Миллер следует Фрейду в том, что «не может представить себе, не может осознать идею полного исчезновения». И получается, что таким образом его способность испытывать ужас переносится сначала на сам процесс умирания и связанные с ним унижения, а затем на различные гипотетические состояния полусуществования или почти существования, которые могут реализоваться в момент или после его смерти. Он боится «остатков сознания, которое не умерло насовсем» и представляет себе трансцендентальный опыт, в котором он наблюдает за собственными похоронами: «или, скорее, не наблюдаю, а неподвижно лежу в гробу». Я легко рисую себе этот новый всплеск старого страха быть погребенным заживо, но никак не нахожу его таким уж жутким. Если бы остатки нашего сознания могли наблюдать за своими похоронами и дрожать в гробу, отчего это сознание обязательно должно бояться замкнутых пространств?
Многие из нас думали или говорили о смерти: «Мы узнаем, как оно там», в то же время выражая почти полную уверенность, что мы никогда не «узнаем» про то плохое, что нас ждет. Подзадержавшееся сознание поможет нам получить ответ. Так, нам могут мягко сказать «нет». Оно может обозревать похороны или кремацию с высоты птичьего полета, попрощаться с нашим скверным телом и жизнью, которая в нем была, и (если предположить, что оно еще как-то связано с нашим «я» или представляет его) позволить «нам» почувствовать, что все происходит как должно. Оно может внушить нам ощущение спокойствия, отдохновения, теплого поцелуя на ночь, онтологической рюмки на посошок.
Моя шведская подруга К. однажды очень мягко и сочувственно прошептала нашему общему другу, который слишком долго умирал от рака: «Пора уходить». Я люблю шутить с ней, что пойму, насколько плохи мои дела, когда услышу ее слегка модулированный голос, наговаривающий мне в ухо этот хорошо отрепетированный совет. Возможно, остатки сознания, которого боится Миллер, окажутся чем-то полезным и благожелательным, как голос окончательного распорядителя с мягким шведским акцентом.
Средневековая птичка влетает в освещенный зал и снова вылетает из него. Против страха смерти есть и такой ох-какой-разумный довод: если мы не испытываем страха и ненависти к вечности, которая ведет к короткому мгновению нашей разукрашенной огнями жизни, зачем нам тогда относиться иначе ко второму приступу тьмы? Разумеется, потому что во время первого приступа тьмы Вселенная — или, по крайней мере, ее очень, очень незначительная часть — шла к созданию чего-то, представляющего определенный интерес, скрещивая нужным образом гены и продираясь через череду человекоподобных рычащих, владеющих инструментами предков до тех пор, пока не собралась и не выплюнула три поколения школьных учителей, которые затем сделали… меня. Так что у этой тьмы была некая цель — по крайней мере, с моей солипсической точки зрения; в то время как у второй тьмы нет никакого оправдания.

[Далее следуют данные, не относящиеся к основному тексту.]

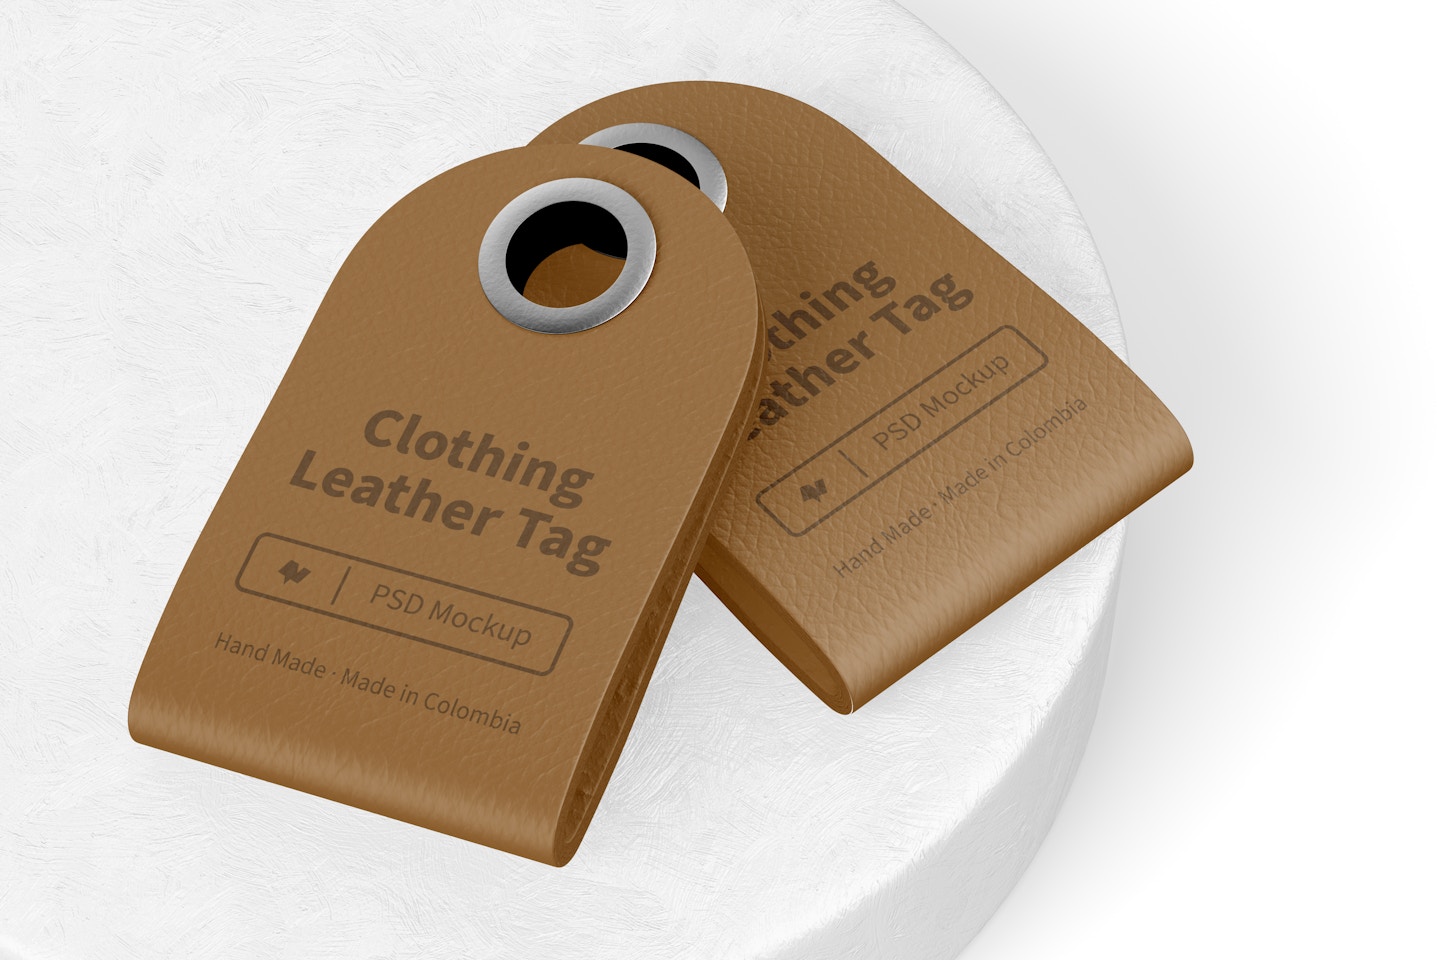 Clothing Leather Tag Mockup, Stacked

Думаю, могло быть и хуже. Хуже может быть почти всегда. Можно страшиться предродовой бездны так же, как посмертной. Это странно, но не исключено. Набоков в своей автобиографии описывает «хронофоба», который впадал в панику всякий раз, как смотрел домашнюю кинохронику про мир за несколько месяцев до своего рождения: дом, в котором он будет жить, его будущую мать, которая высунулась из окна, пустую коляску в ожидании своего пассажира. У большинства из нас это все не вызвало бы тревоги, а только радость; хронофоб видел лишь мир, в котором его не было, территорию «безнегоности». И его никак не утешало то, что это отсутствие неопровержимо готовилось к тому, чтобы произвести его будущее присутствие. Уменьшала эта фобия его страх того, что будет после смерти, или же, напротив, умножала, Набоков не рассказывает.